The Sheikh Zayed Centre for Research into Rare Disease in Children by Stanton Williams tries to overcome medical cliches and bring researchers, doctors and patients closer together, reports Peter Smisek
Hospitals and clinics do not, as a rule, contain the most architecturally inspiring interiors. This is partly to do with strict hygienic and functional requirements – hard-wearing surfaces that need to be non-porous and wiped with disinfectant every day are mostly neither very tactile nor glamorous – as well as keeping costs down and opting for the most cost-efficient designs.
Part of the task entrusted to Stanton Williams during the design of the new £90 million Zayed Centre for Research into Rare Disease in Children (ZCRRDC) at the Great Ormond Street Hospital (GOSH) in central London was to design an outpatient clinic that avoided these dreary clichés. At the same time, the architects have also had to design a research centre and a laboratory that would enable better collaboration between around 500 of the clinic’s doctors, academics and laboratory researchers who work to cure rare diseases in children, thus ensuring more responsive care to the 200 or so patients and their families that are expected to visit the facility every day.
Given the relatively small plot of land that was available, the architects have performed very admirably indeed. The principal façade faces north and is framed by pale terracotta mullions. An expanse of glass without them hints at the internal complexity of the building, but this does not upset the delicate balance of the whole composition. Viewed from further apart, the building also reveals two set-back stories on top, which house the cleanroom laboratories and the plant rooms, keeping them evenly tempered and virtually free of particulates. A large portion of the ground floor is fully glazed and looks into a laboratory located in the basement. As this lower lab does not have to conform to the stringent cleanroom standards, the public is thankfully spared a potentially worrying sight of scientists in plastic coveralls, instead giving the visitors and passers-by the chance to witness their important work, while affording the researchers sufficient daylight and privacy.

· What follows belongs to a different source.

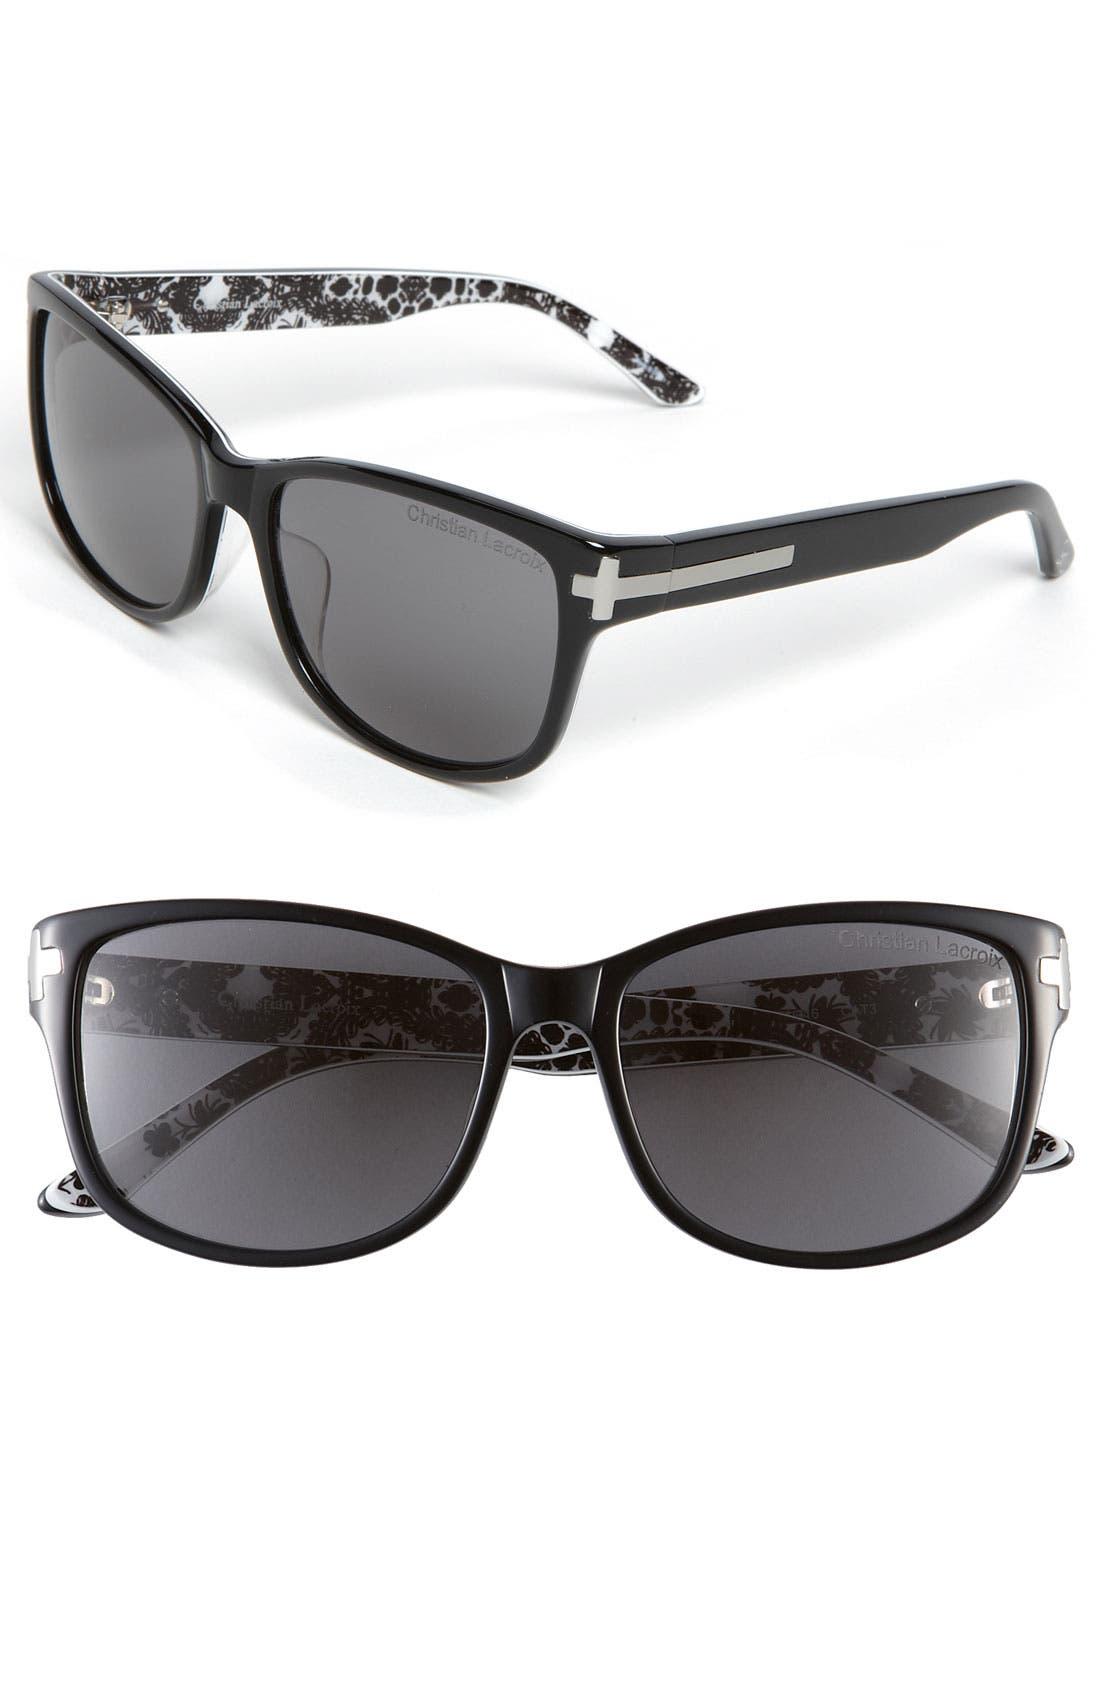 CHRISTIAN LACROIX,                             Sunglasses,                             Main thumbnail 1, color,                             001

A wide bridge across the void leads to a small lobby, at which points the patients turn right, along an oak-panelled wall on one side, while researchers turn left. The lobby also borders on an atrium, which brings light into the centre of the building and contains an interactive artwork by Random International called Kinds of Life. This site-specific artwork is a red polished sphere suspended on steel cables and is programmed to interact randomly with the occupants of the atrium and adds a lively dash of colour to Stanton William’s masterfully understated concrete and oak interior.
Such control over the specifications and details was somewhat harder to achieve in the patients’ area, where hygienic requirements are stricter and the material palette reduced. Floors go from polished concrete to vinyl, furnishings become more banal, the colour of the plastic upholstery unpleasantly lurid. A child-friendly aesthetic gets a foothold in the ground-floor waiting area in the shape of interactive games and eventually comes to dominate the walls of the consultation rooms on the first floor, where suspended ceilings and insipid murals make their first and only appearance.
This does not diminish Stanton Williams’ effort to create a more visually coherent experience, but merely points at the disconnect between the worlds of architecture, design and healthcare. The space itself is thoughtfully laid-out, featuring a skylight above the first-floor waiting area, and a long, glazed corridor with views towards the street and Coram’s Fields. An internal corridor connects the backs of the consultation rooms for cases when doctors want to ask for a second opinion, and a hidden corridor links this area to the open-plan offices for academics and researchers. The office space is a relatively standard, no-frills, open-plan affair, but the promise of being in a new facility and access to patients, colleagues and new labs has managed to enthuse the staff who come to work at the premises.
All in all, the design of the ZCRRDC is a valiant effort by Stanton Williams, which has managed to bring a refined edge and clarity to what could have been a convoluted, closed-off box. At the same time, it exposes the difficulties that architects face when working with highly prescriptive, institutional building briefs. If we desire a closer integration of buildings, art and users in the future, architects and designers need to find a way to engage before specific briefs are written to ensure aesthetic quality becomes an integral part of the value-for-money equation.